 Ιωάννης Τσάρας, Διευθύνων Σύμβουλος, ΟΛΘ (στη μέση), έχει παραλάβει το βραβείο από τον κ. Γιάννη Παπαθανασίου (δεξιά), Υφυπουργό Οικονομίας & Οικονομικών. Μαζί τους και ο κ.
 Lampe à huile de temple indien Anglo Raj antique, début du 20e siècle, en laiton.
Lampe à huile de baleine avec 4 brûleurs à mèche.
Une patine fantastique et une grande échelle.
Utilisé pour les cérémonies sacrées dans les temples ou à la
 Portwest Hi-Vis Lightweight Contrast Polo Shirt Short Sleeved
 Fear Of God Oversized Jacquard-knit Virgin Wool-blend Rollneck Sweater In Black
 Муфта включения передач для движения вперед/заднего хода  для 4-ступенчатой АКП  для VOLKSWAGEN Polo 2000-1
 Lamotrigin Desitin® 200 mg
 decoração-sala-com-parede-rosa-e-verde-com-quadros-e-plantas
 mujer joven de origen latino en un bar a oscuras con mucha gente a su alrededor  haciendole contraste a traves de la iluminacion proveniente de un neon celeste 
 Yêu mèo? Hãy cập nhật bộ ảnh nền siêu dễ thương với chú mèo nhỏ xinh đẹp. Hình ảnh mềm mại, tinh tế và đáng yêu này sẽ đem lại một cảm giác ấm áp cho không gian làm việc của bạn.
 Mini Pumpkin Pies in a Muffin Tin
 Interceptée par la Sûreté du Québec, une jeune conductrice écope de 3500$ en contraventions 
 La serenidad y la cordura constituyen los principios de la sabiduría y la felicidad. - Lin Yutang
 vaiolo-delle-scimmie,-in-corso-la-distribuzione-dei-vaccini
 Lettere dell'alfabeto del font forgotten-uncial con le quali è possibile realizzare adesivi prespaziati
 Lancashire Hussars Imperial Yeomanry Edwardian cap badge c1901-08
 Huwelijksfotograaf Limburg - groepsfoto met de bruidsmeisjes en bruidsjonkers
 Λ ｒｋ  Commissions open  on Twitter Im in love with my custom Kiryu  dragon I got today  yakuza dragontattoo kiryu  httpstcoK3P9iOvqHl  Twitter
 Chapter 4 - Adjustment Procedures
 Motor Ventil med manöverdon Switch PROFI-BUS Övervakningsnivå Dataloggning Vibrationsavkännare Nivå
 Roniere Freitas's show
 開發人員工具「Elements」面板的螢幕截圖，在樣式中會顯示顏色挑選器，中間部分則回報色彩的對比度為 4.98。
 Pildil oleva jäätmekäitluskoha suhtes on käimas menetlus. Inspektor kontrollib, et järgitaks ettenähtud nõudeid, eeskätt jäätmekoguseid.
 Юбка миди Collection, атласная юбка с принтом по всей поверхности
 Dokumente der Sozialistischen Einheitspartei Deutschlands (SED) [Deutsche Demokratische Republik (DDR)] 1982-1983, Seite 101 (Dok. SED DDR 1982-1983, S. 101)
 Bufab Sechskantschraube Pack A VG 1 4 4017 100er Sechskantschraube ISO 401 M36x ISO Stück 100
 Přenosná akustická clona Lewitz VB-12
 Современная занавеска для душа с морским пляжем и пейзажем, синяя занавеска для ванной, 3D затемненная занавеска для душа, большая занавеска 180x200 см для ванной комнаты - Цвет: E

________________

### WORK ITEM
Line by line, transcribe the data exactly.

### TASK OUTPUT
 Ιωάννης Τσάρας, Διευθύνων Σύμβουλος, ΟΛΘ (στη μέση), έχει παραλάβει το βραβείο από τον κ. Γιάννη Παπαθανασίου (δεξιά), Υφυπουργό Οικονομίας & Οικονομικών. Μαζί τους και ο κ.
 Lampe à huile de temple indien Anglo Raj antique, début du 20e siècle, en laiton.
Lampe à huile de baleine avec 4 brûleurs à mèche.
Une patine fantastique et une grande échelle.
Utilisé pour les cérémonies sacrées dans les temples ou à la
 Portwest Hi-Vis Lightweight Contrast Polo Shirt Short Sleeved
 Fear Of God Oversized Jacquard-knit Virgin Wool-blend Rollneck Sweater In Black
 Муфта включения передач для движения вперед/заднего хода  для 4-ступенчатой АКП  для VOLKSWAGEN Polo 2000-1
 Lamotrigin Desitin® 200 mg
 decoração-sala-com-parede-rosa-e-verde-com-quadros-e-plantas
 mujer joven de origen latino en un bar a oscuras con mucha gente a su alrededor  haciendole contraste a traves de la iluminacion proveniente de un neon celeste 
 Yêu mèo? Hãy cập nhật bộ ảnh nền siêu dễ thương với chú mèo nhỏ xinh đẹp. Hình ảnh mềm mại, tinh tế và đáng yêu này sẽ đem lại một cảm giác ấm áp cho không gian làm việc của bạn.
 Mini Pumpkin Pies in a Muffin Tin
 Interceptée par la Sûreté du Québec, une jeune conductrice écope de 3500$ en contraventions 
 La serenidad y la cordura constituyen los principios de la sabiduría y la felicidad. - Lin Yutang
 vaiolo-delle-scimmie,-in-corso-la-distribuzione-dei-vaccini
 Lettere dell'alfabeto del font forgotten-uncial con le quali è possibile realizzare adesivi prespaziati
 Lancashire Hussars Imperial Yeomanry Edwardian cap badge c1901-08
 Huwelijksfotograaf Limburg - groepsfoto met de bruidsmeisjes en bruidsjonkers
 Λ ｒｋ  Commissions open  on Twitter Im in love with my custom Kiryu  dragon I got today  yakuza dragontattoo kiryu  httpstcoK3P9iOvqHl  Twitter
 Chapter 4 - Adjustment Procedures
 Motor Ventil med manöverdon Switch PROFI-BUS Övervakningsnivå Dataloggning Vibrationsavkännare Nivå
 Roniere Freitas's show
 開發人員工具「Elements」面板的螢幕截圖，在樣式中會顯示顏色挑選器，中間部分則回報色彩的對比度為 4.98。
 Pildil oleva jäätmekäitluskoha suhtes on käimas menetlus. Inspektor kontrollib, et järgitaks ettenähtud nõudeid, eeskätt jäätmekoguseid.
 Юбка миди Collection, атласная юбка с принтом по всей поверхности
 Dokumente der Sozialistischen Einheitspartei Deutschlands (SED) [Deutsche Demokratische Republik (DDR)] 1982-1983, Seite 101 (Dok. SED DDR 1982-1983, S. 101)
 Bufab Sechskantschraube Pack A VG 1 4 4017 100er Sechskantschraube ISO 401 M36x ISO Stück 100
 Přenosná akustická clona Lewitz VB-12
 Современная занавеска для душа с морским пляжем и пейзажем, синяя занавеска для ванной, 3D затемненная занавеска для душа, большая занавеска 180x200 см для ванной комнаты - Цвет: E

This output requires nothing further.